• Data:

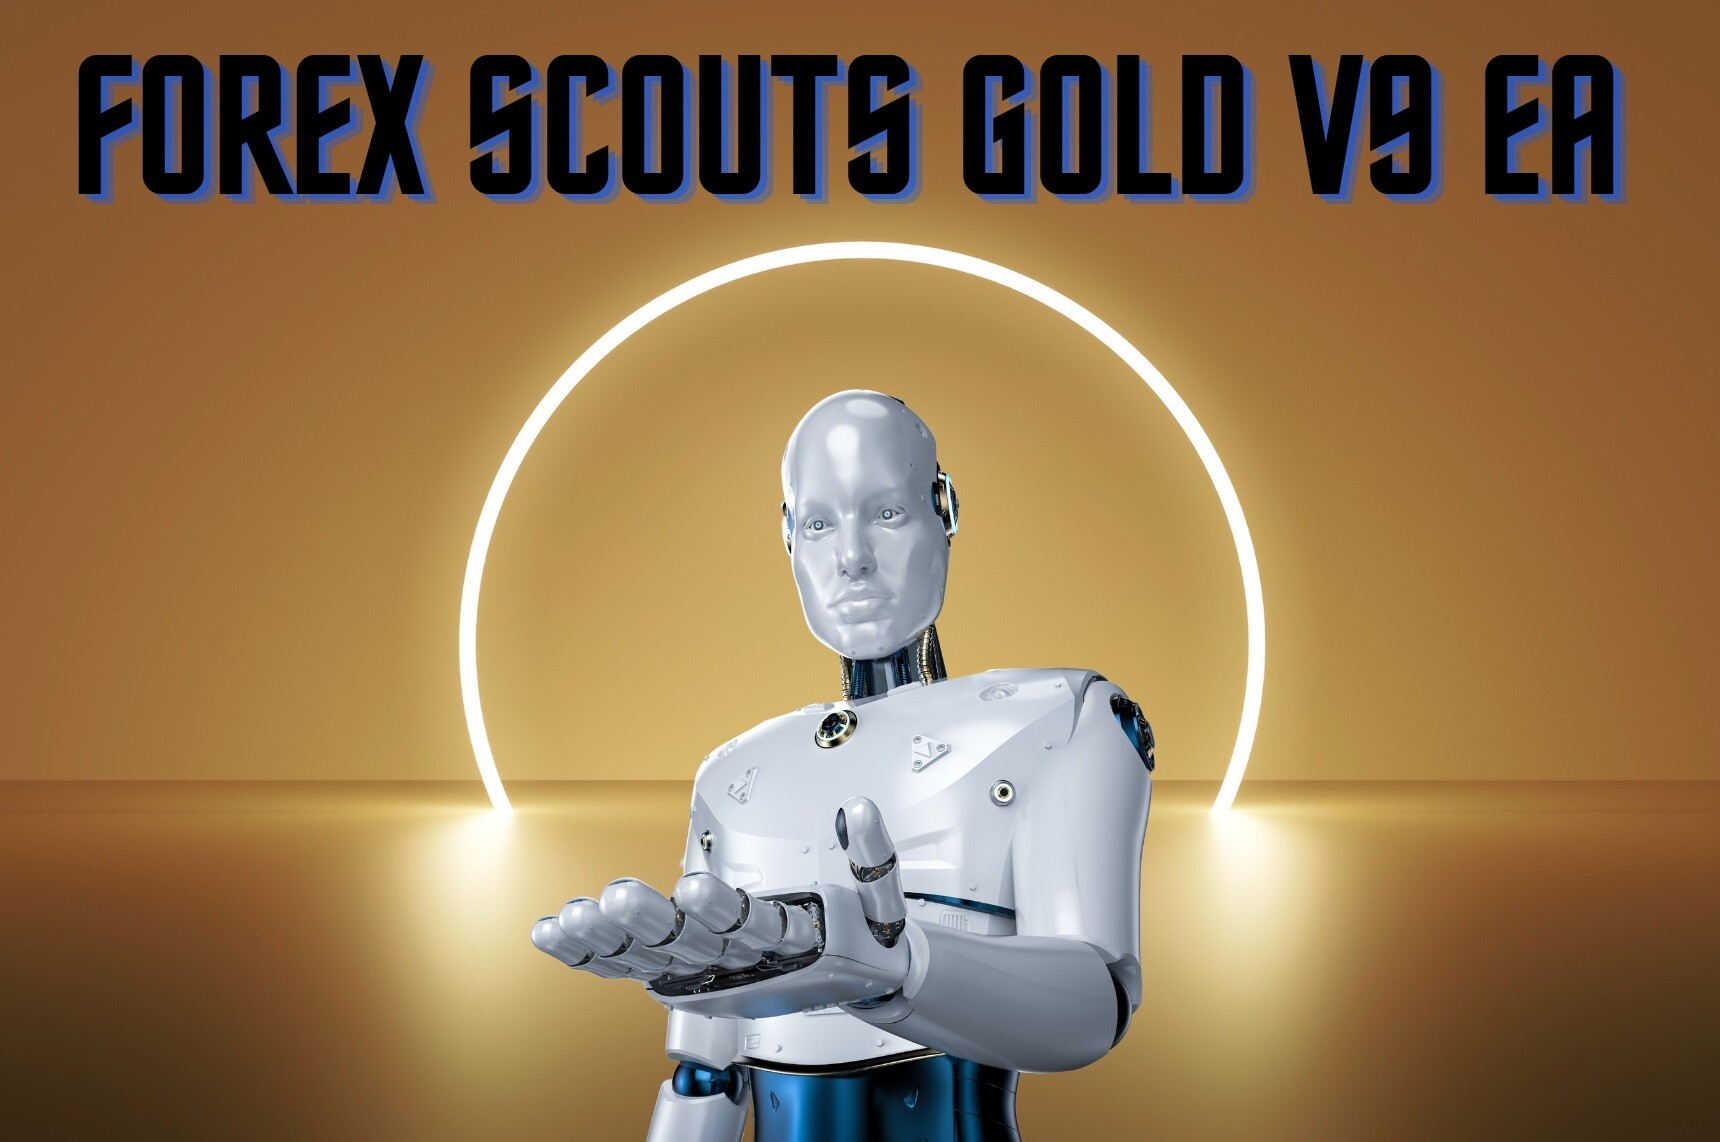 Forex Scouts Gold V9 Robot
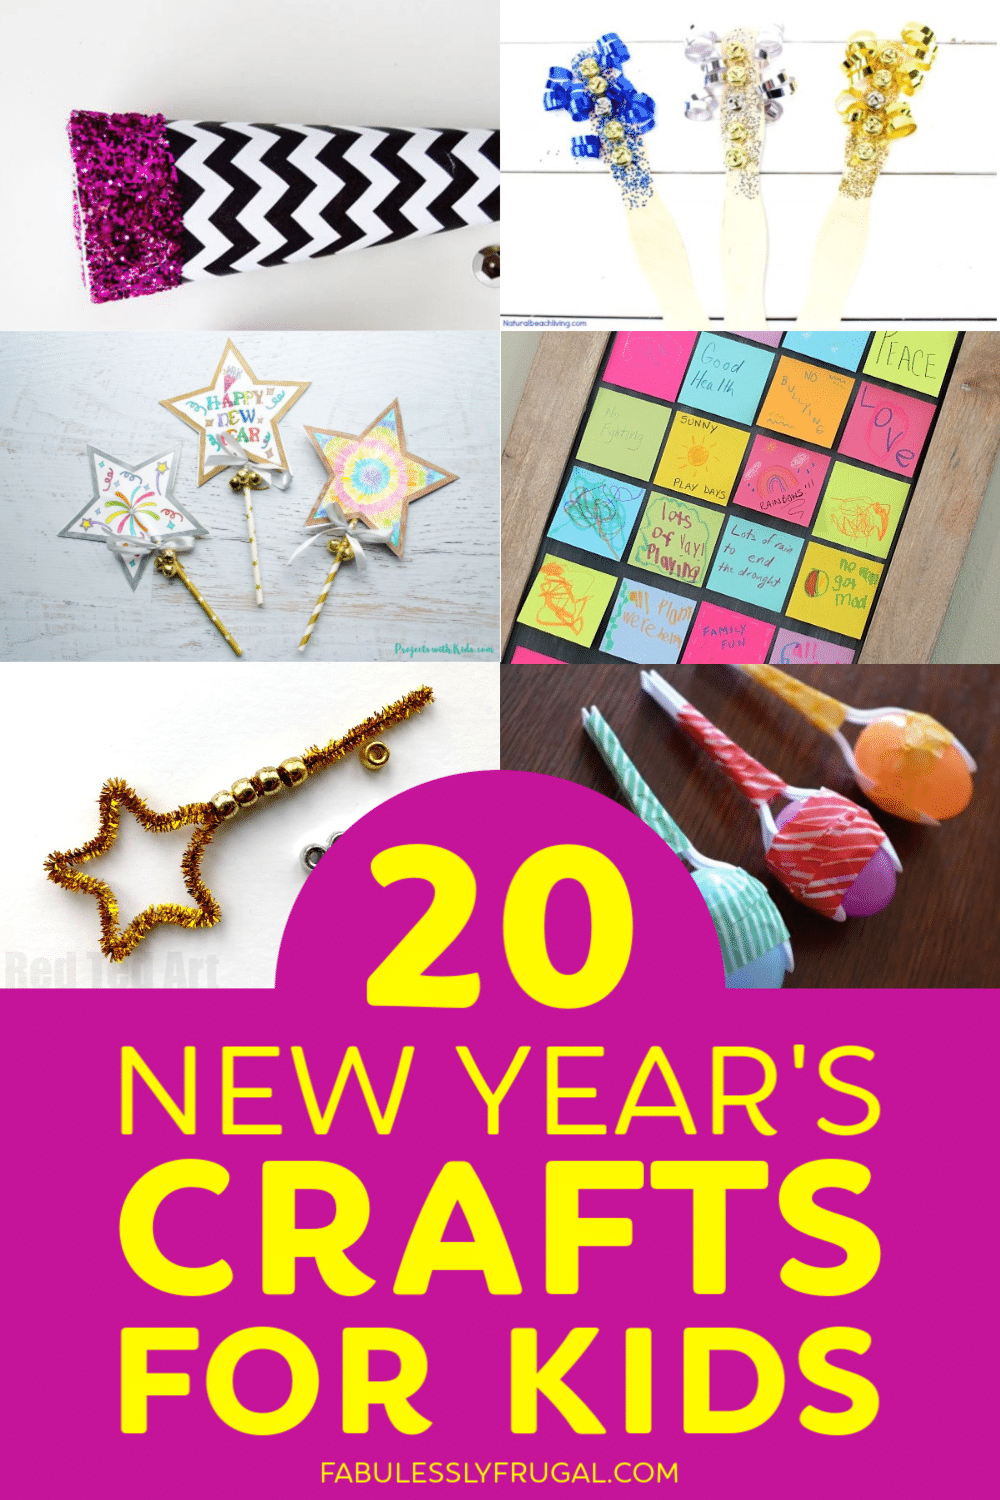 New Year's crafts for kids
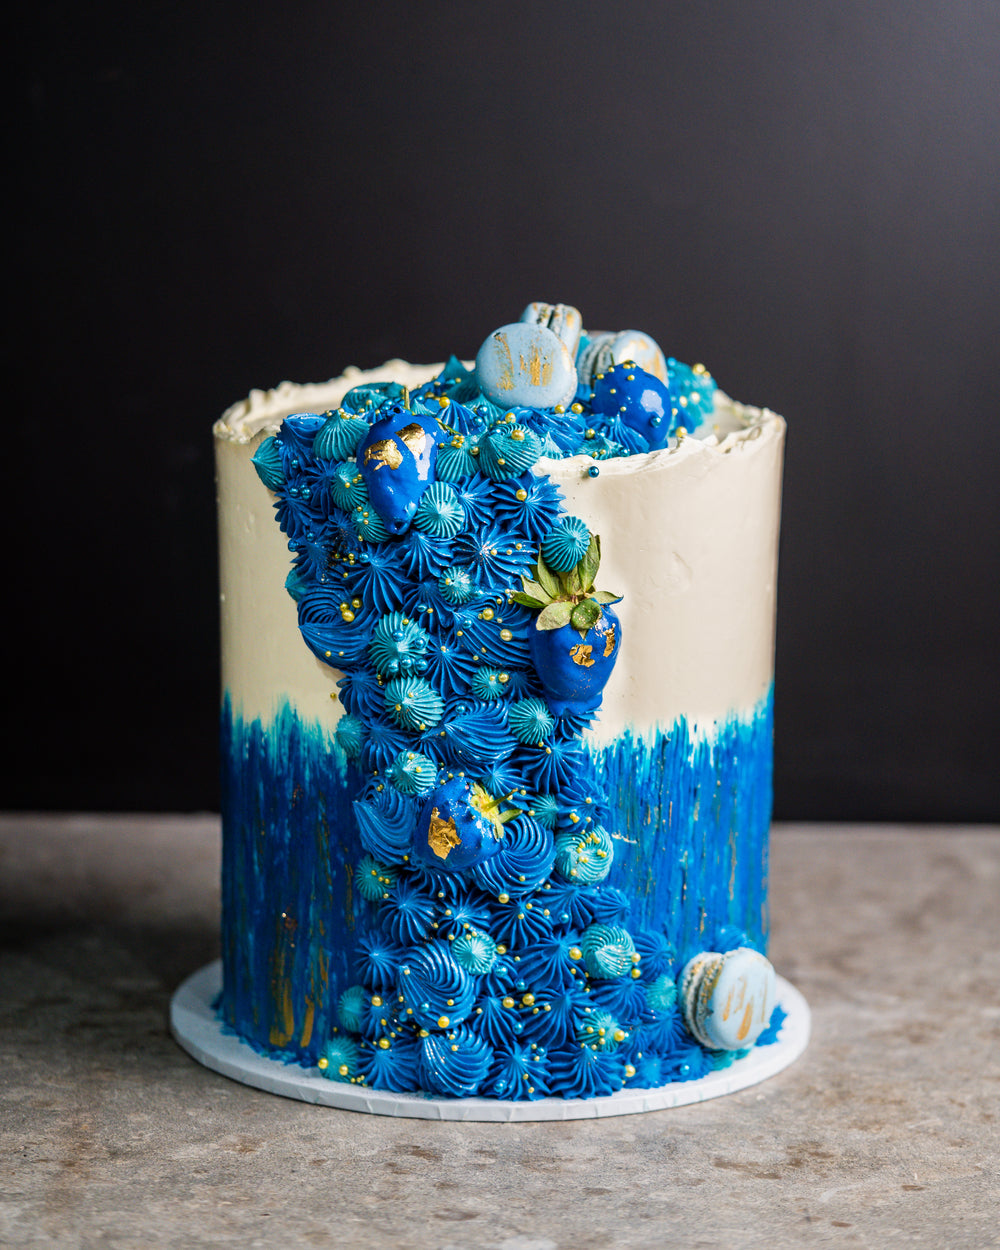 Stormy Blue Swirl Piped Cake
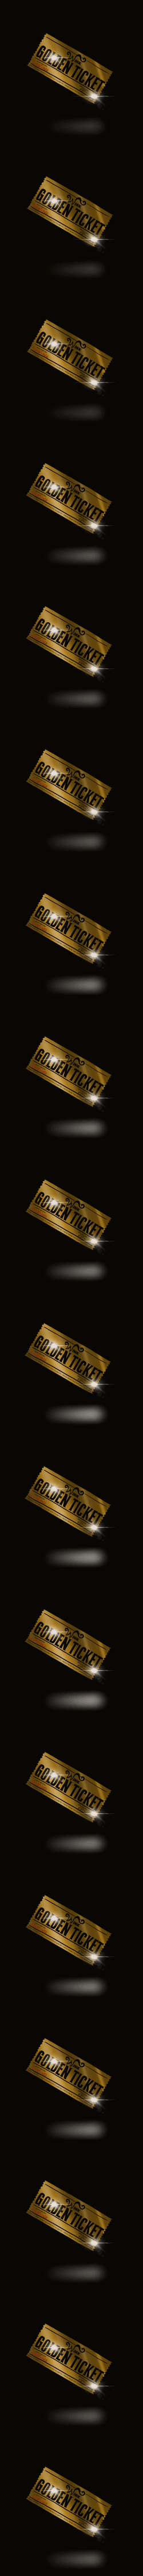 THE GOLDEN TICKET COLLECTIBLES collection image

• Prompt:
Leaving the pictures behind, return every line above exactly.

• Your response:
 Forex Scouts Gold V9 Robot
 New Year's crafts for kids
 Stormy Blue Swirl Piped Cake
 THE GOLDEN TICKET COLLECTIBLES collection image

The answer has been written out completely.